Par contre, la définition de l’intellectuel que donne Mammeri nous rapproche plus de cette phrase de Terrence « Je suis un homme et rien de ce qui est humain ne m’est étranger ». Mouloud Mammeri conçoit sa fonction dans la diversité, l’altérité et l’universalité. Pour lui tout ce qui peut arriver à un être humain le concerne en quelques « endroits » de la terre où ils se trouve. Nous découvrons aussi son courage d’homme engagé quand il critique le « pouvoir », qui sous prétexte de « l’unité » du pays tente de nier la Culture et la Langue Berbère, ici particulièrement le Kabyle, que ce régime veut réduire à un aspect folklorique.

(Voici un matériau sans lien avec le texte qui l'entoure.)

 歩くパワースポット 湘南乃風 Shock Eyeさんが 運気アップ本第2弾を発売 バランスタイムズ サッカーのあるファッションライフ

Pour M. Mammeri, l’écrivain ou l’intellectuel est un homme libre qui ne doit s’encombrer d’aucune hésitation ou compromission lorsqu’il s’agit de faire un constat et de tenter d’apporter une nouvelle vision….En ce sens les paroles de M. Mammeri, dites à une période très dangereuse sous l’ère du dictateur et tortionnaire Boumediene, nous rappellent la fameuse phrase de Tahar Djaout avant d’être assassiné « Si tu parles, tu meurs. Si tu te tais, tu meurs. Alors, dis et meurs ». Mouloud Mammeri, ne s’est jamais tu, il est mort dans un accident de voiture dans des conditions douteuses…

Intellectuel ou « intellectuel » ?

Au travers des déclarations de A. Mazouni et M. Mammeri, nous remarquons que dans ce pays appelé Algérie, certains intellectuels ne conçoivent nullement leur fonction à l’écart du régime quand d’autres gardent leur liberté d’expression.

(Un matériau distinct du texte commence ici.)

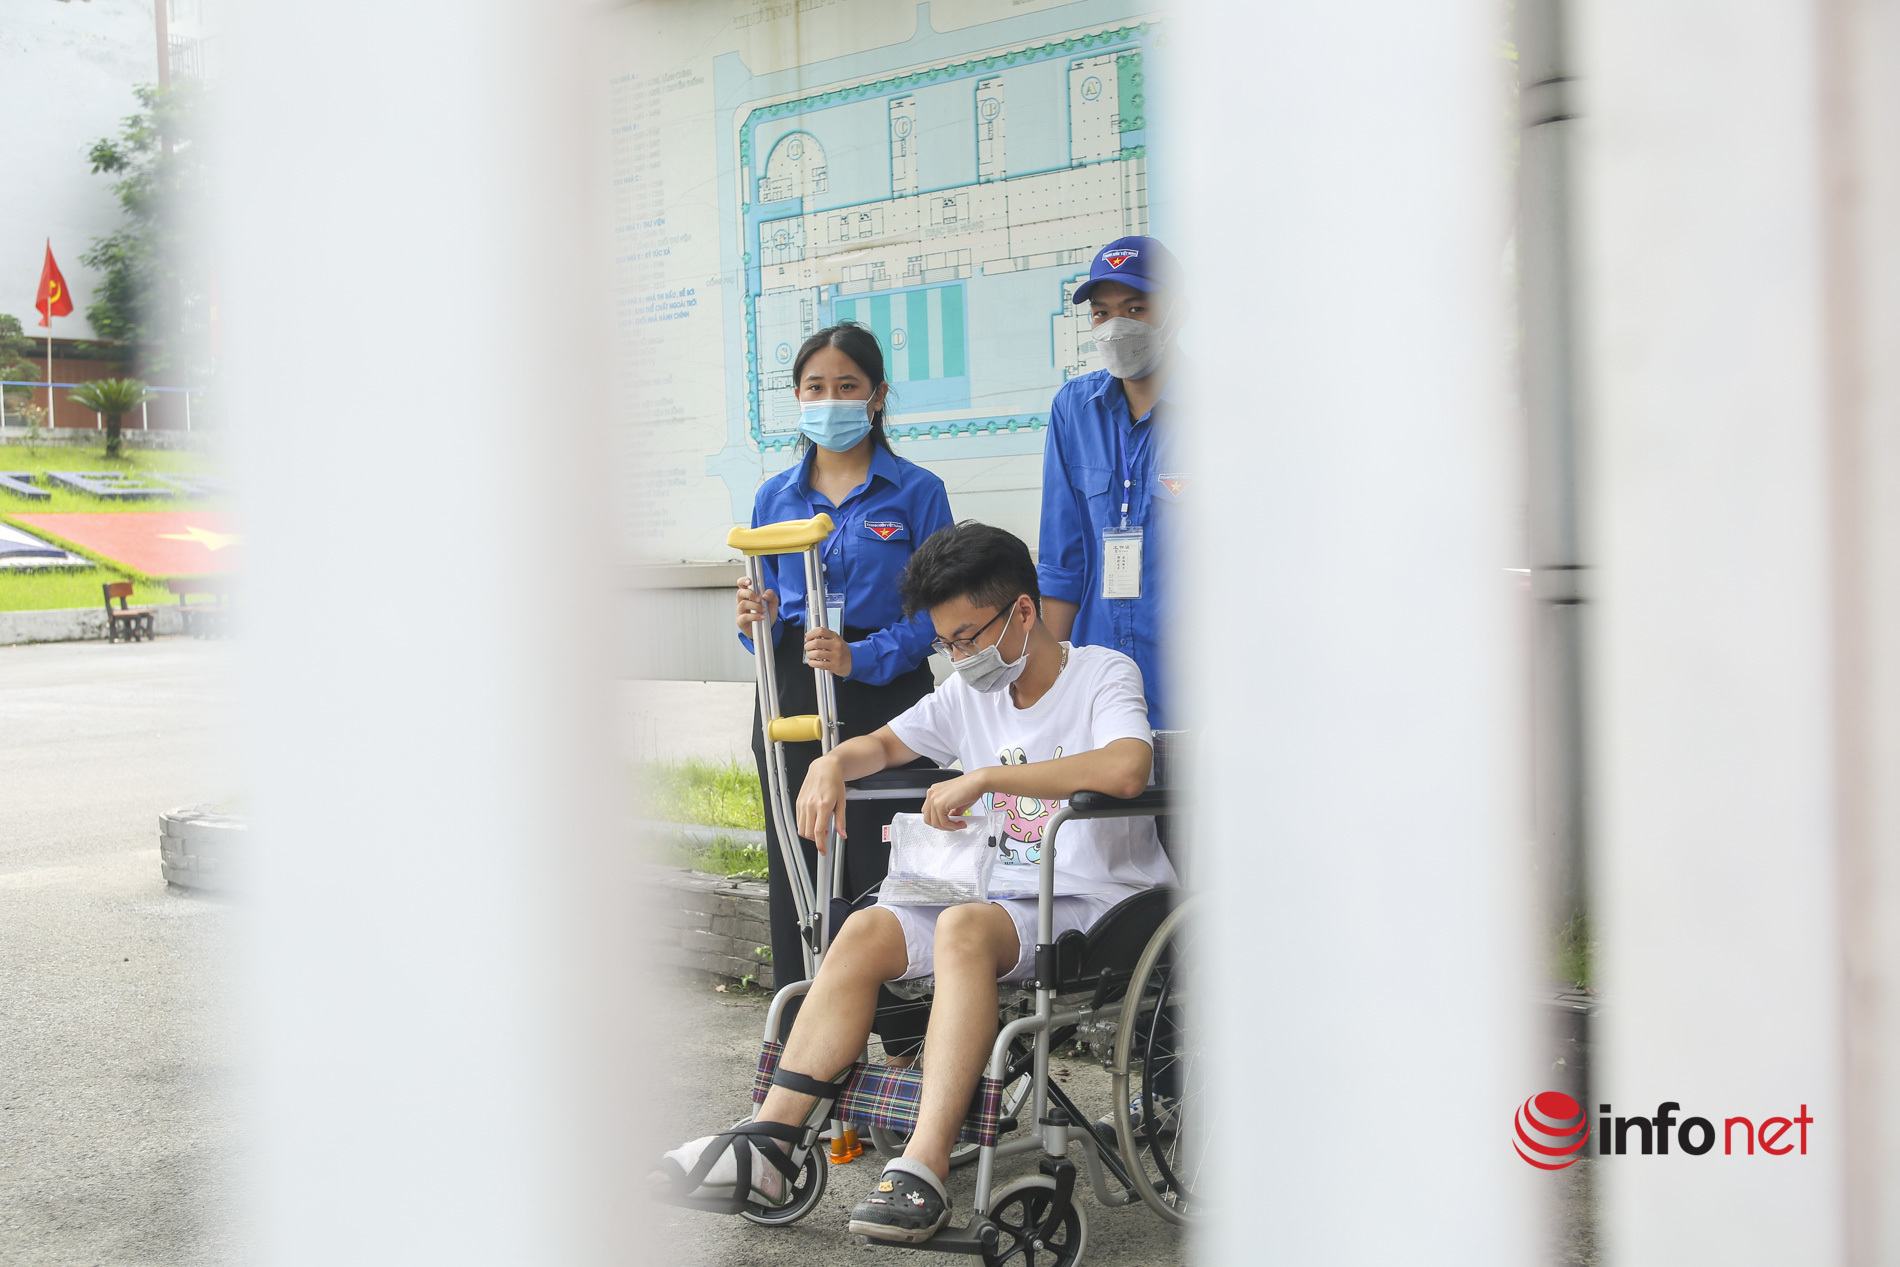 Hà Nội: Thí sinh ngồi xe lăn đi thi tự tin, vui vẻ, được hỗ trợ nhiệt tình

Cette distinction nous la retrouvons dans ce pays et elle nous saute aux yeux. Comment expliquer que des personnages, tels certains ministres dont le premier d’entre eux Sellal, ou Grine, Bouchouareb, Ghoul, etc, sans parler des KDS (Kabyles de services), gardent leurs postes alors qu’ils vont d’échec en échec ? Comment des prédicateurs, tel « Chemsou », hyper médiatisés, incultes, semant l’obscurantisme, au grand dam d’une petite opinion éclairée qui survit, continuent à ânonner des inepties obscurantistes ?

Le dénominateur commun à toute cette « smallah d’intellectuels » appelés dans la vulgate populaire les « KHOBZISTES » est leur allégeance au régime. Cette condition et/ou statut de souteneur du « pouvoir » les préserve de toute interdiction ou censure. Au contraire ils y sont encouragés car ils participent de cette politique d’aliénation du peuple par la religion et l’idéologie arabo-islamique.

Si ce pays appelé Algérie végète et vit dans le bricolage à la petite semaine depuis son indépendance, que d’ailleurs toute l’élite intellectuelle libre estime confisquée, c’est à cause des assassinats, des exils forcés, des menaces de mort, des interdictions, à l’instar de celles qui viennent de toucher les essayistes et les écrivains Younès Adli, Kamel Daoud, Karim Akouche et la liste est longue de ces victimes de la dictature arabo-islamique qui s’étend, s’amplifie et qui touche actuellement le monde civilisé…

Lorsque la Lumière de la Pensée et des Idées est éteinte s’installe alors le noir de l’obscurantisme qui mène à la violence et à la brutalité…

1- Jacques Leenardt : La force des mots ; le rôle des intellectuels. Paris Megrlis,1982
2- Bruno Etienne : L’Algérie cultures et révolution ( l’histoire immédiate ). Ed:Seuil.
3- Abdellah Mazouni : Culture et enseignement en Algérie et au Maghreb. Ed : Maspero.
4- Entretien publié dans le quotidien Libanais « Le Jour » N° 275 du 3/6/1966 rapporté dans le livre de M. Mazouni déjà cité.
5- Mouloud Mammeri : Entretien avec Michèle Boivert dans la revue « Dérive » N° 49 , 1985.